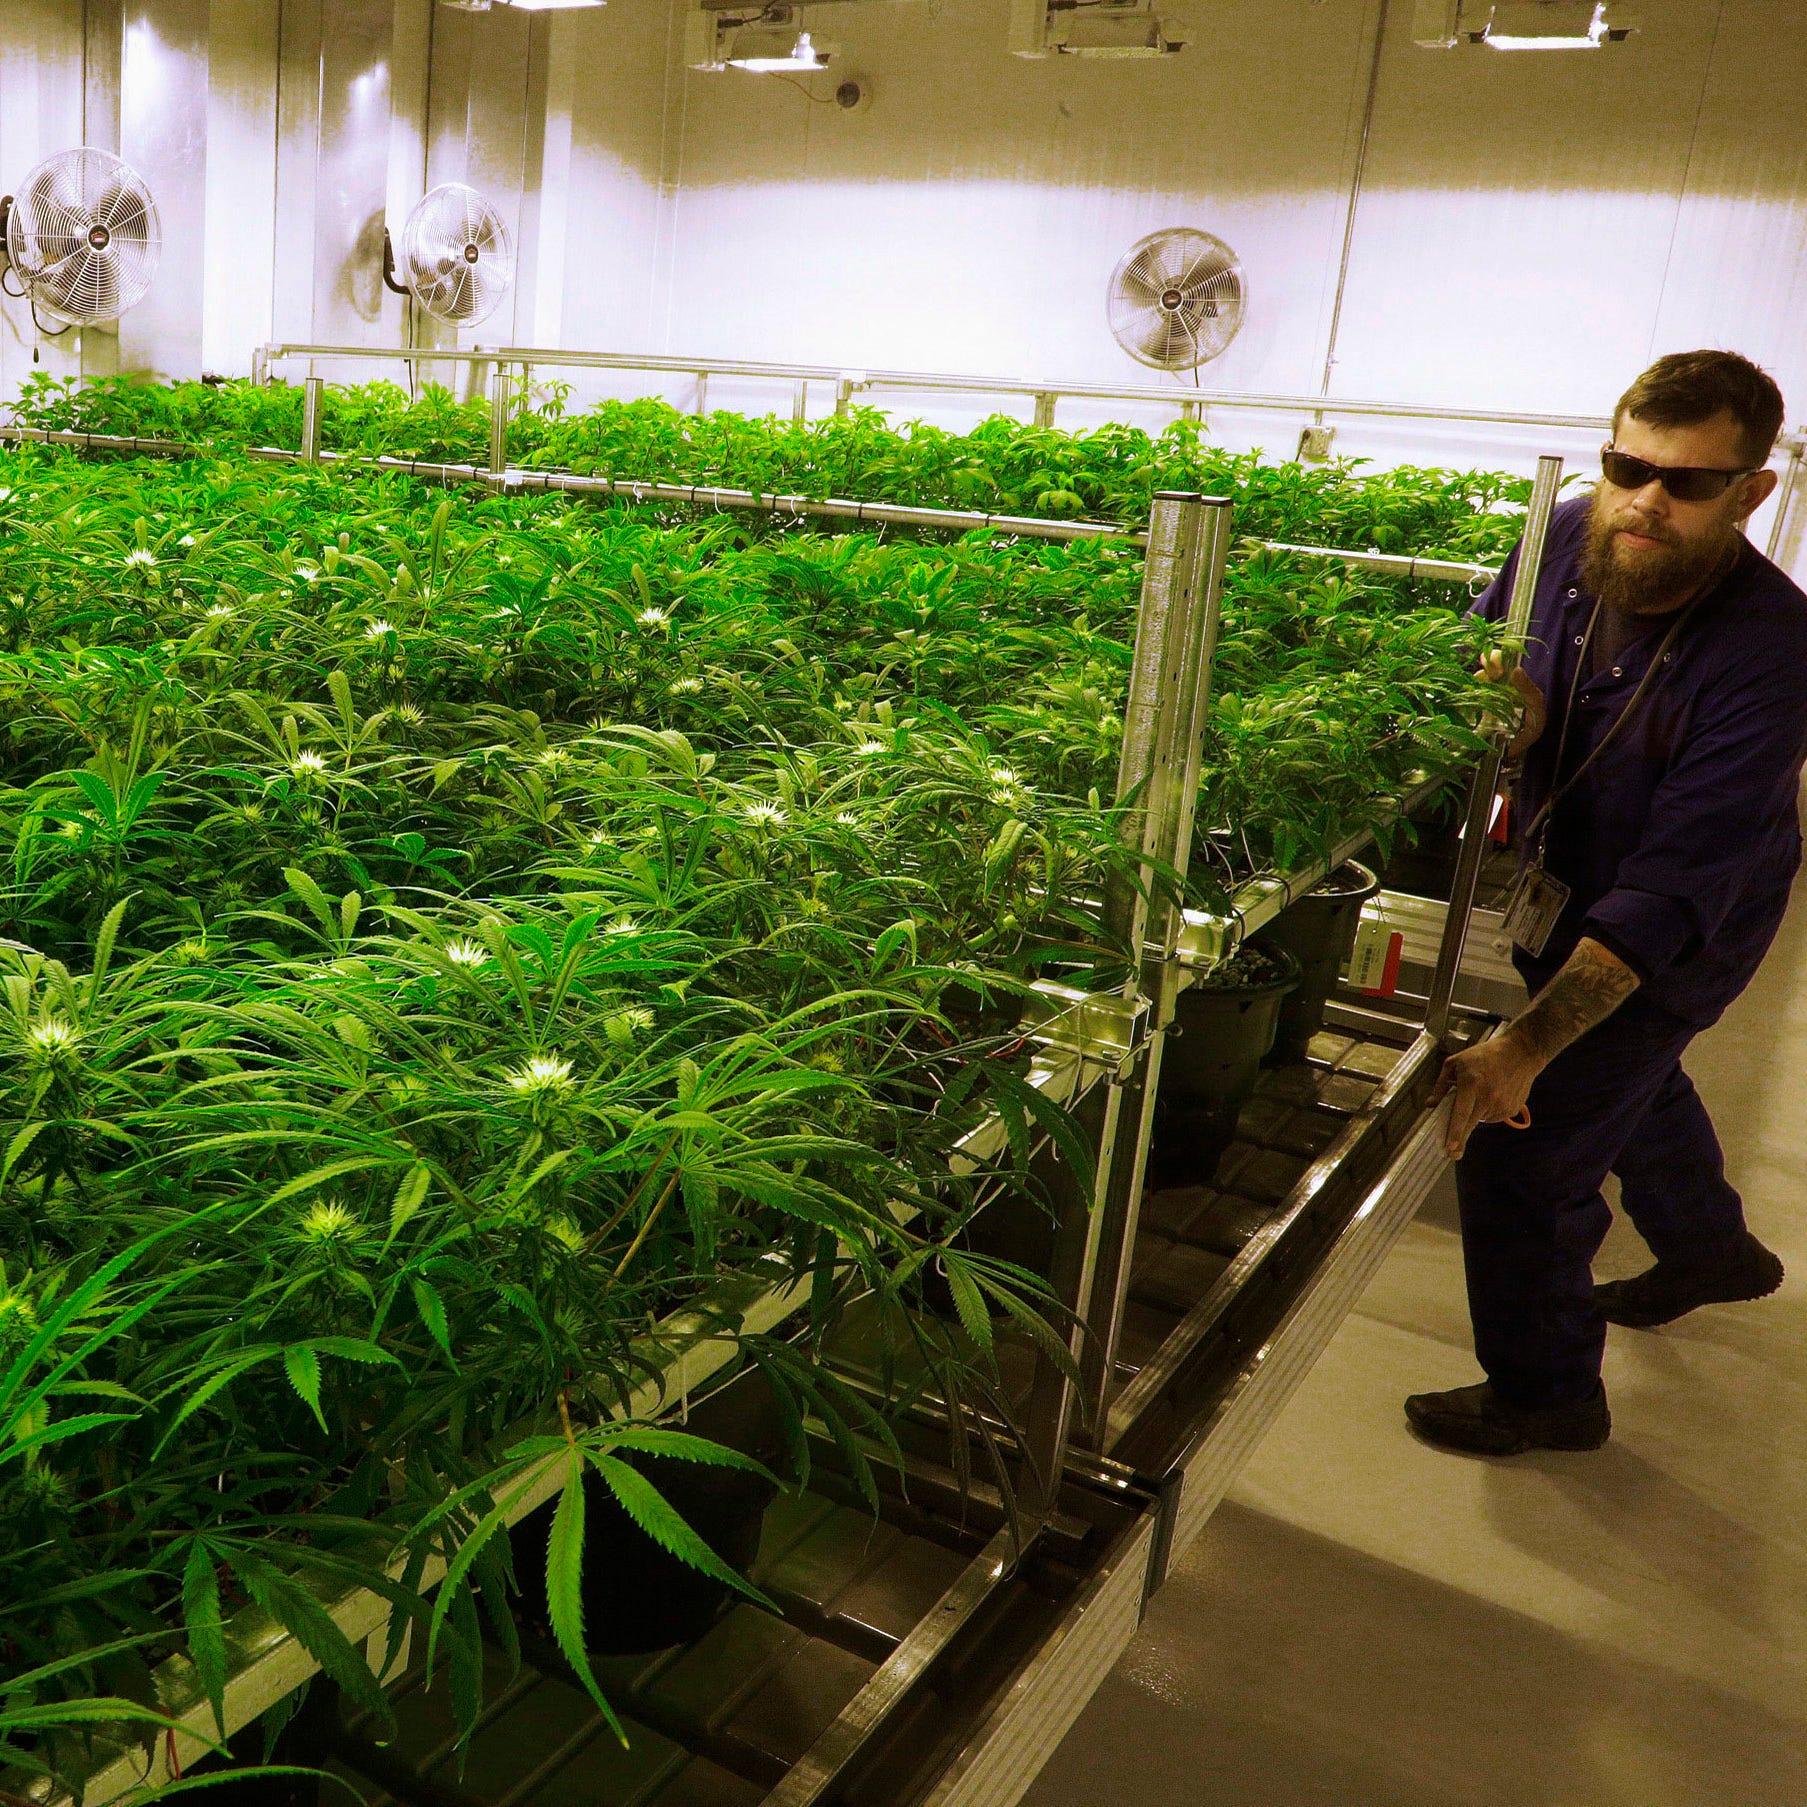 Opinion: Americans must understand marijuana danger
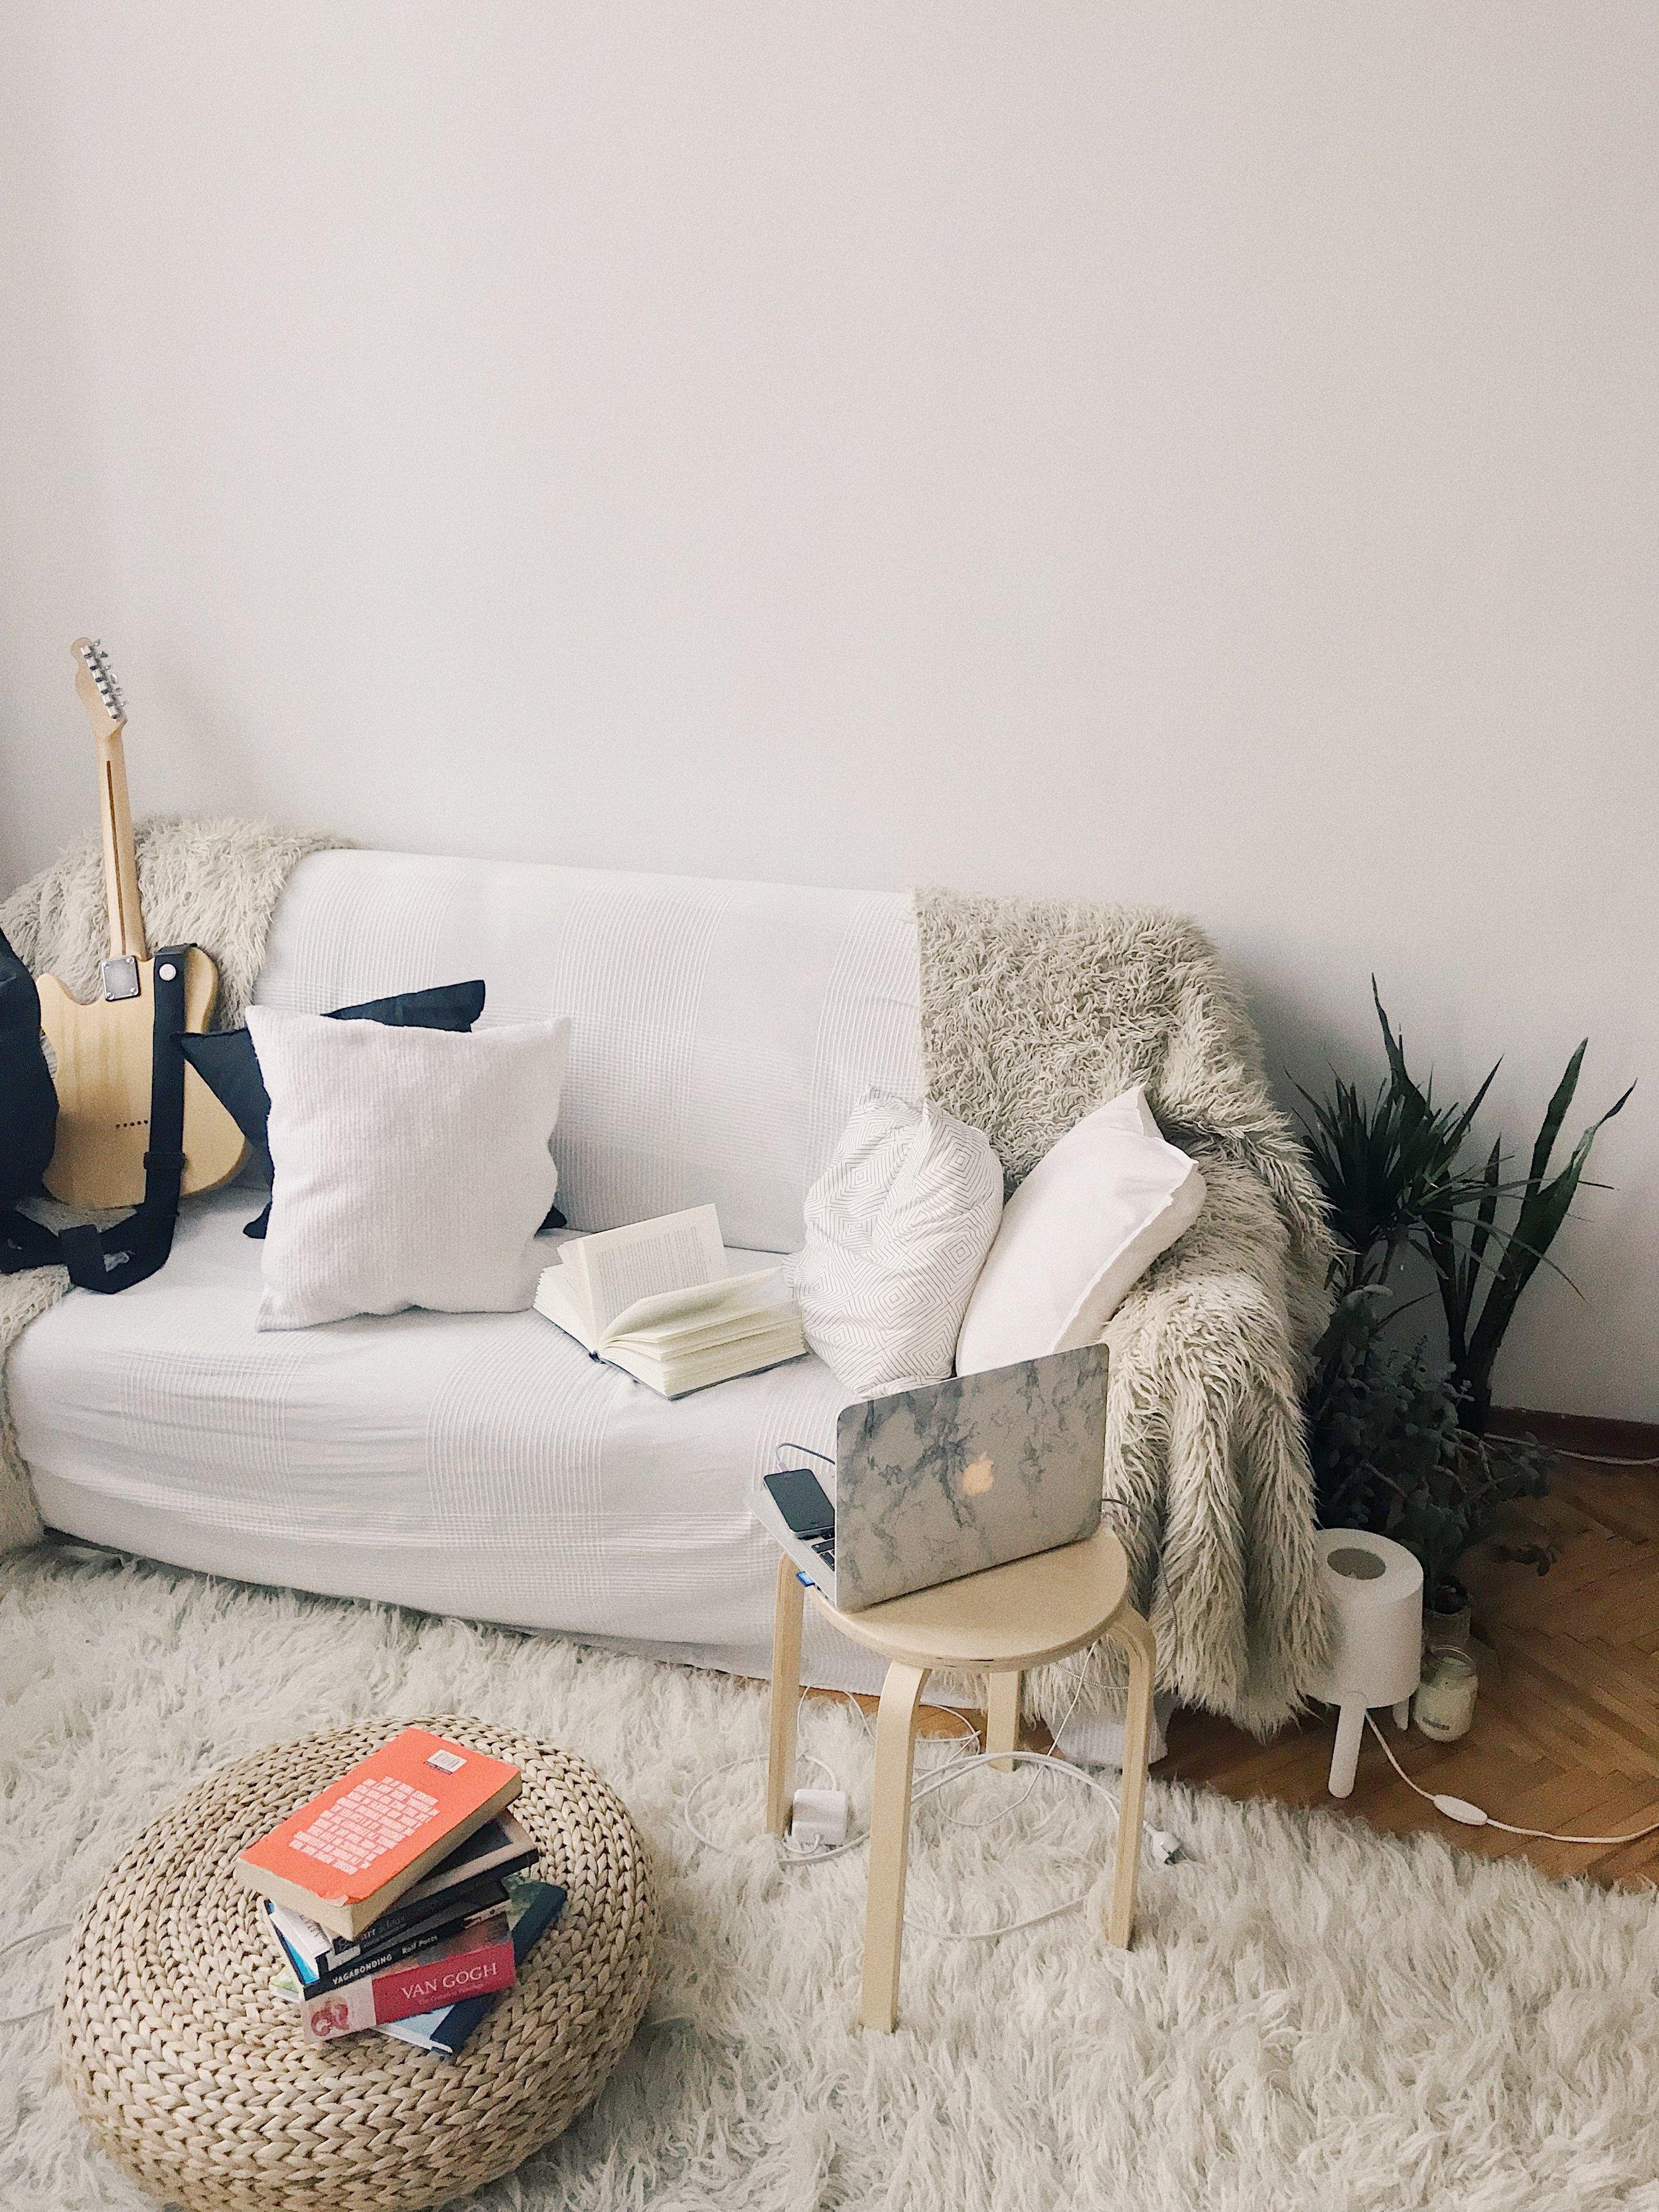 apartment-laptop-guitar-renters-insurance.jpg
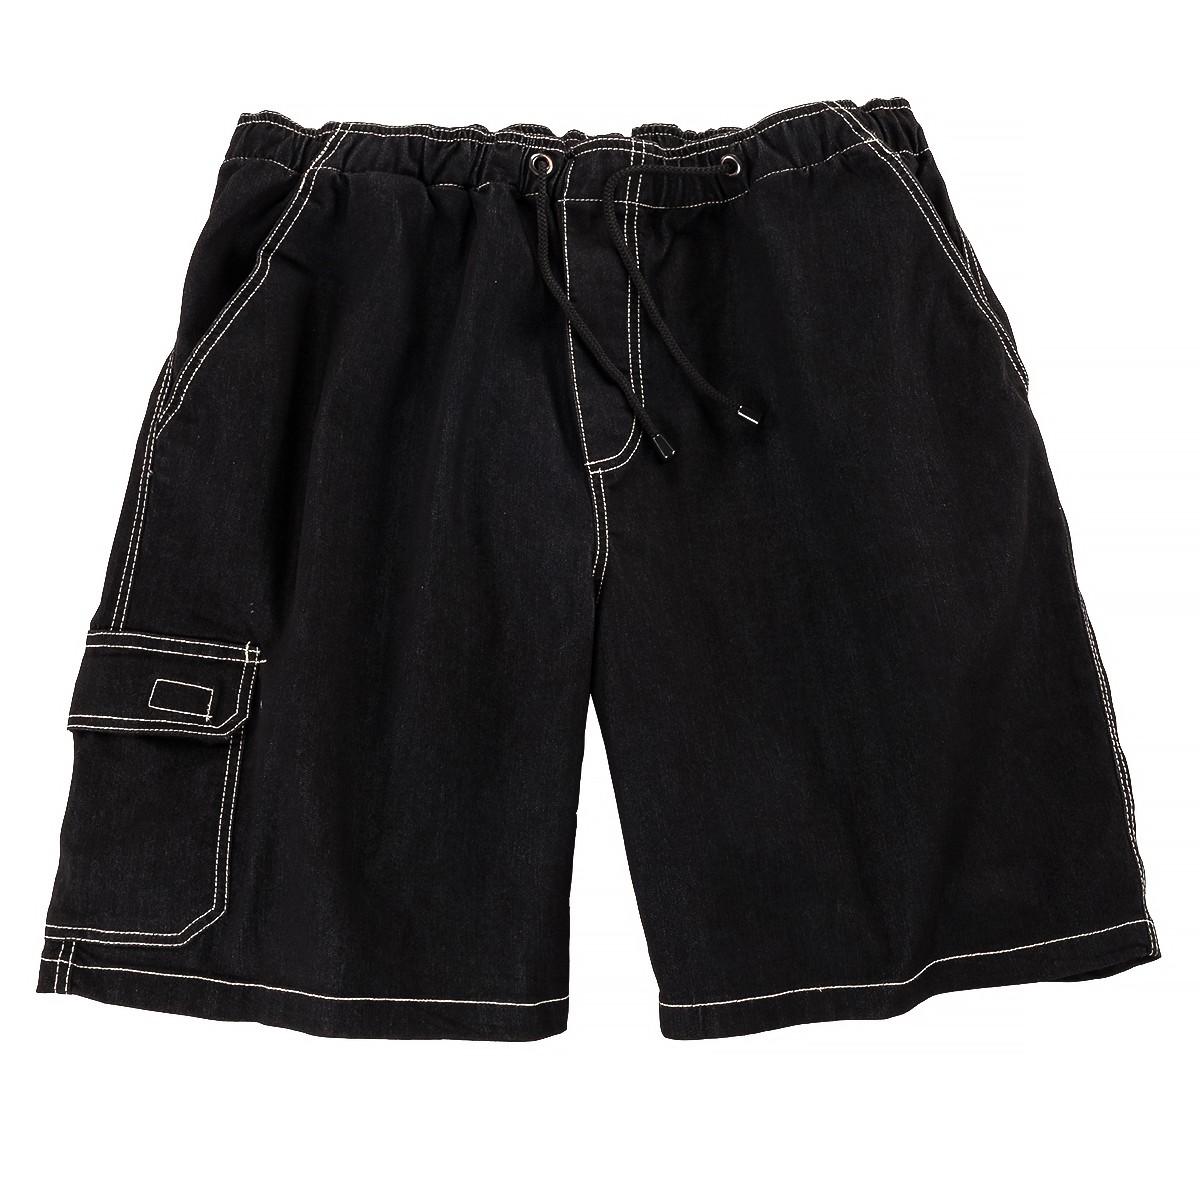 abraxas schwarze jeans bermuda mit gummibund bergr e. Black Bedroom Furniture Sets. Home Design Ideas

§ **WHAT YOU HAVE TO DO**
Every line of the listing above is to be set down verbatim, without the pictures.

§ **FINAL ANSWER**
 Opinion: Americans must understand marijuana danger
 apartment-laptop-guitar-renters-insurance.jpg
 abraxas schwarze jeans bermuda mit gummibund bergr e. Black Bedroom Furniture Sets. Home Design Ideas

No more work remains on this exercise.